In this communication, we address the issue whether superconductivity in doped FeSe near x_c can be mediated by nematic fluctuations. It seems natural at first glance to replace spin fluctuations by soft nematic fluctuations as a pairing glue. However, there are two obstacles, both related to the fact that soft nematic fluctuations are at small momentum transfer. First, they do not affect the pair hopping term between hole and electron pockets, which is the key element for spin-mediated superconductivity. Second, the bare pairing interaction at small momentum transfer is repulsive, and dressing it by nematic fluctuations only makes the repulsion stronger.

We show that the pairing interaction V_eff(k, − k; p, − p), mediated by nematic fluctuations (first two momenta are incoming, last two are outgoing), does become attractive near x_c, however for a rather special reason, related to the very origin of the Pomeranchuk order. Namely, the driving force for a d − wave Pomeranchuk order is density-density interaction between hole and electron pockets. It does have a d − wave component \({U}_{{{{\rm{he}}}}}^{{{{\rm{d}}}}}\) because low-energy excitations in the band basis are constructed of d_xz and d_yz orbitals. A sign-changing nematic order (a spontaneous splitting of densities of d_xz and d_yz orbitals) develops¹³ when \({U}_{{{{\rm{he}}}}}^{{{{\rm{d}}}}}\) exceeds d-wave intra-pocket repulsion, much like sign-changing s⁺⁻ order develops when pair hopping exceeds intra-pocket repulsion in the particle-particle channel. By itself, \({U}_{{{{\rm{he}}}}}^{{{{\rm{d}}}}}\) does not contribute to pairing, however taken at the second order, it produces an effective attractive interaction between fermion on the same pocket. We go beyond second order and collect all ladder and bubble diagrams which contain d-wave polarization bubbles at a small momentum transfer. We show that this induced attraction is proportional to the susceptibility for a d − wave Pomeranchuk order.

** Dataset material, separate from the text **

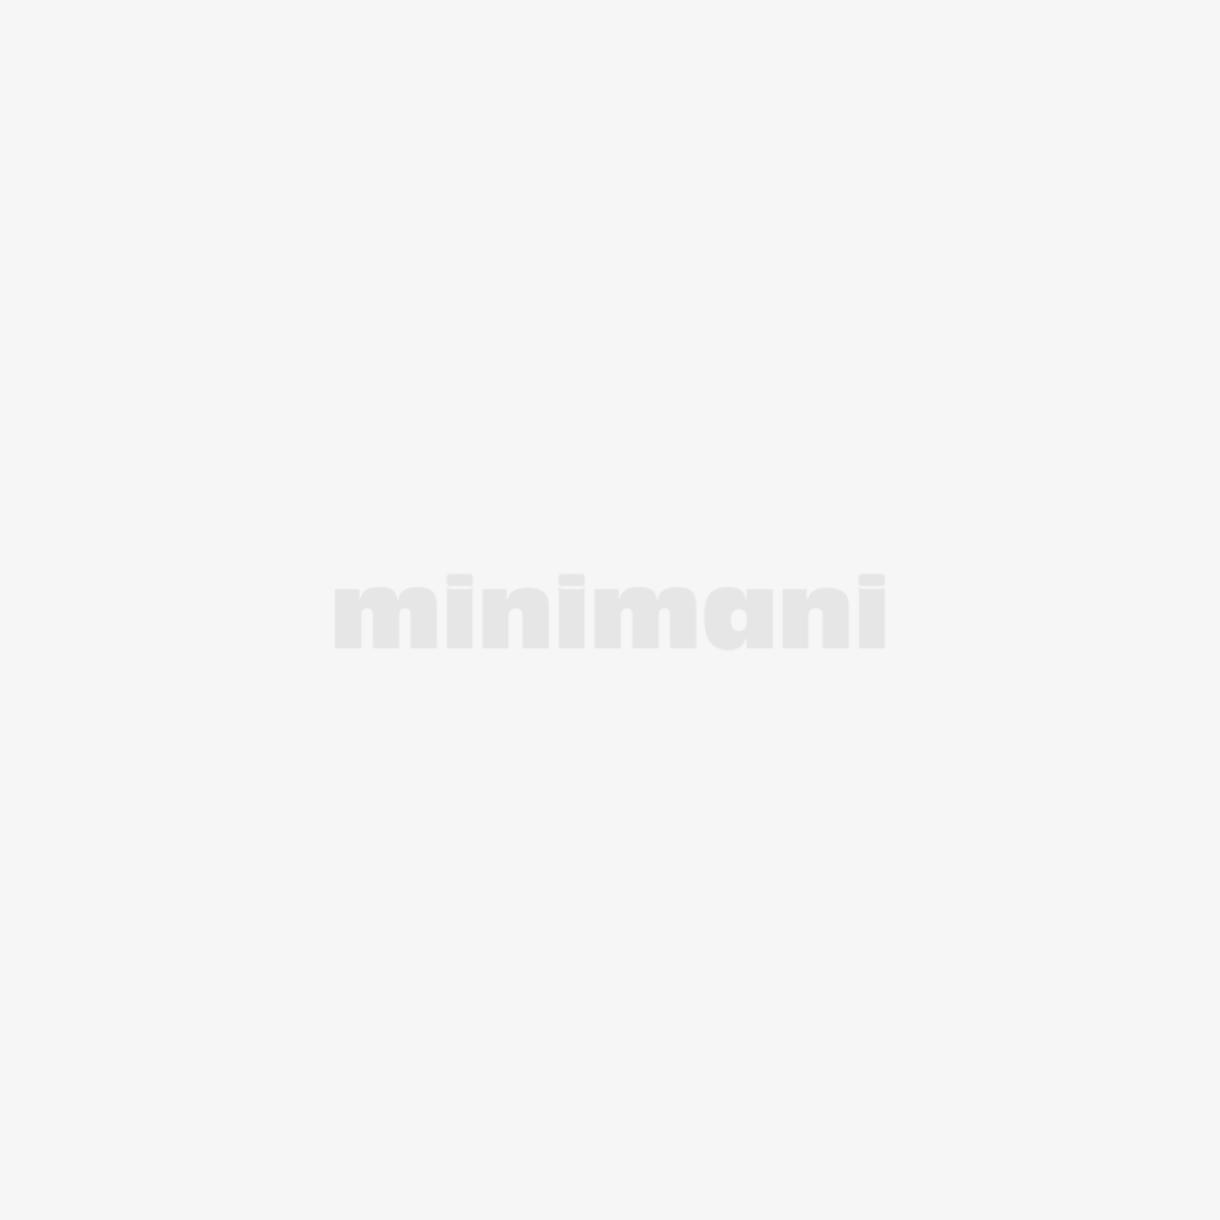 M-FILTER RAITISILMASUODATIN MACA 8015 C70,S60,S70,S80,V70 AKTII

Because a nematic susceptibility diverges at x_c, the induced attraction necessary exceeds the bare intra-pocket repulsion in some range around x_c, i.e., the full intra-pocket pairing interaction becomes attractive.

This attractive interaction V_eff(k, − k; , p, − p) ∝ A_k,pχ_nem(∣k − p∣) is rather peculiar because it inherits from \({U}_{{{{\rm{he}}}}}^{{{{\rm{d}}}}}\) the d − wave form-factor \({A}_{{{{\bf{k}}}},{{{\bf{p}}}}}={\cos }^{2}({\theta }_{{{{\bf{k}}}}}+{\theta }_{{{{\bf{p}}}}})\), where θ_k and θ_p specify the location of the fermions ((in our case, this holds on the hole pocket, which is made equally out of d_xz and d_yz orbitals). A similar pairing interaction has been earlier suggested for one-band models on phenomenological grounds^36,37,38,39 assuming that d − wave nematic coupling is attractive. We show that such an interaction emerges in the model with purely repulsive interactions, once we add the pairing component, induced by inter-pocket density-density \({U}_{{{{\rm{he}}}}}^{{{{\rm{d}}}}}\).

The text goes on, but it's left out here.